Nous n’allons donc jamais au vrai tableau avec son beau cadre doré malgré l’interjection constante qui lui est faite de nous sommer de le franchir, de l’arrimer, de le fouler aux pieds. Nous évoluons dans des interstices par lesquels manœuvrent des motifs populaires, décoratifs et savants, du nomadisme de la baraque et de son monde quotidien décalés, au profit cette fois d’une réelle interrogation sur l’œuvre peinte, masquée, taraudée, cicatrisée. Elle gamberge, gambade, fait figure d’âne, de cormoran pouacre, de chien qui aurait pissé sur la toile ou qui miaule (peinture de 1992). Carlos Kusnir renverse, projette, fait gicler, tenir en équilibre, redresser, découper dans le bord et dessiner sur le plat, s’exerce à la reprise. La verticalité n’est jamais contingente : les œuvres posées au sol grâce à des cales et des trépieds sont trop petites pour devenir des monuments ou trop majestueuses pour le leurre qu’est la peinture. L’artiste a décidé d’un décor dont elles sont les façades, dans la nostalgie du conditionnel. Soudain la mise au point devient impossible. Il faut savoir reprendre son souffle. Pas de matériau noble, pas besoin, la peinture tient déjà le regard ici, comme pour le panneau qui est montré à la galerie Bernard Jordan Paris d’avril à mai, noir avec des arabesques et quelques contreplaqués.
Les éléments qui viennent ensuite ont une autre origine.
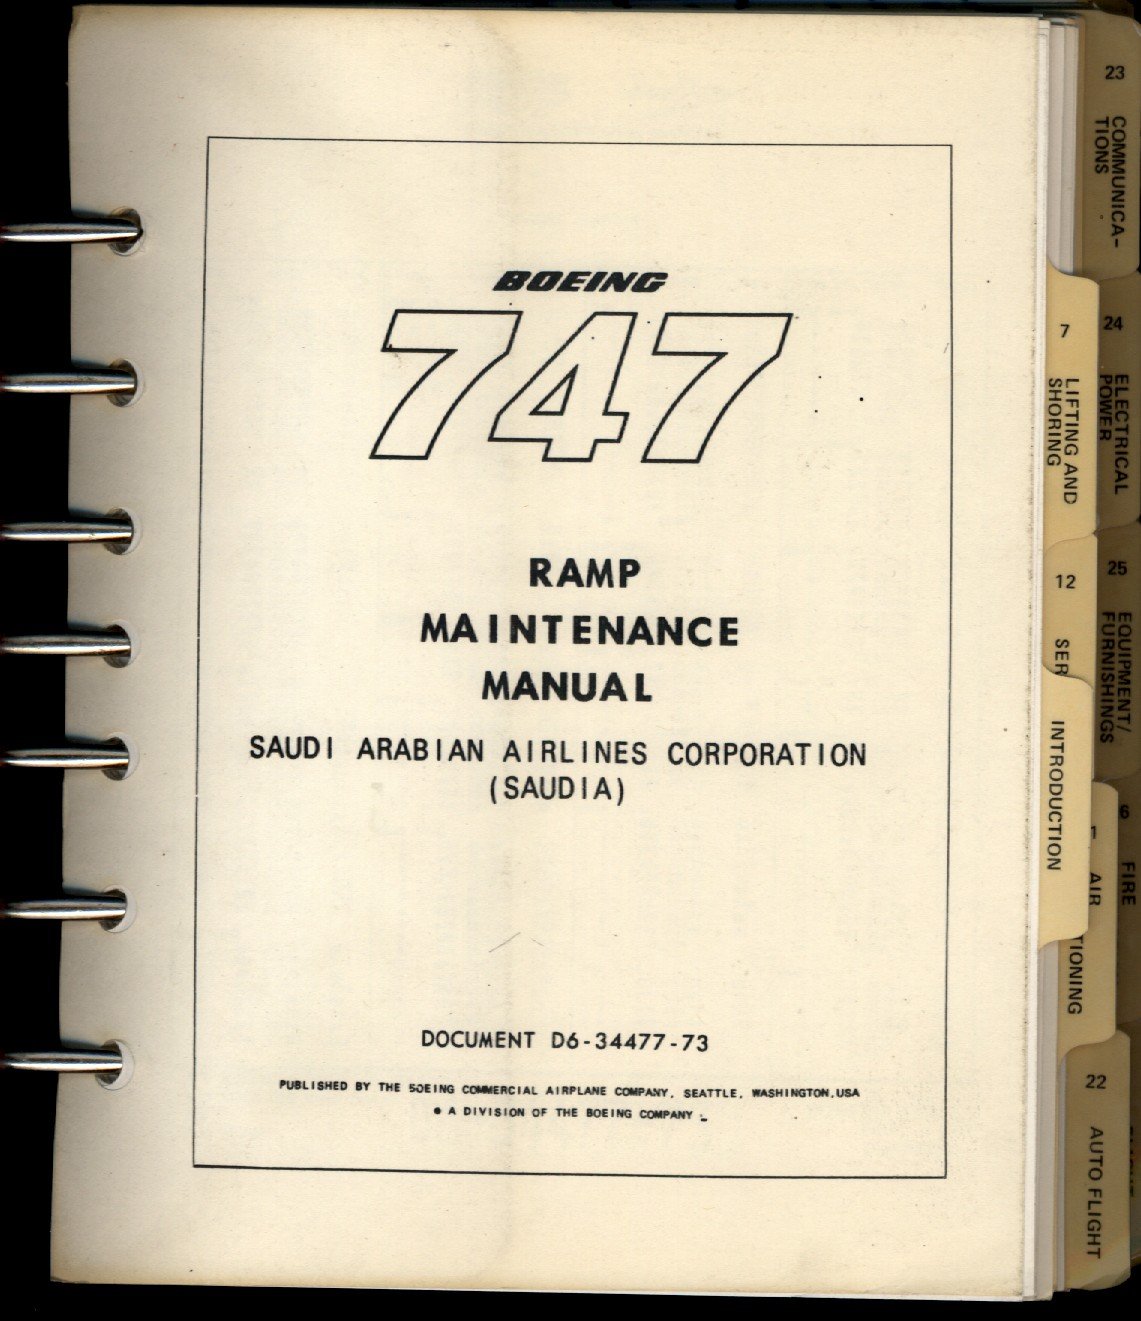 Boeing Maintenance Manual

Devant les panneaux, ou derrière, à côté, nous « ratons » ce rendez-vous déjà contourné par l’artiste. Non sans gravité, Carlos Kusnir m’a expliqué qu’il souhaitait avant tout franchir cette distance si singulière entre l’œuvre et le spectacle, celui qui va la regarder, en tout premier lieu lui-même. Mais il pratique aussi l’évitement, ce qui l’empêche de désigner une place trop définitive à l’art et à l’artiste ; libre à nous d’en apprécier les différents niveaux, et d’y spéculer, que nous les considérions comme de véritables tranches de peinture, comme des jeux de signes et de sens, comme des grincements ou comme des espaces ouverts, qui correspondent à la « res publica ». Carlos Kusnir récupère in extremis la dissolution avec laquelle il a manœuvré.

Impossible face à cette peinture, malgré les quelques repères familiers qu’elle nous concède, de nous installer dans un hiératisme. À nous voir brinquebalants grâce à cette précision ultime du dégueulando, et des formes parfaites et cois qui l’accompagnent, nous jurerions que nous y sommes déjà allés. Mais où au juste?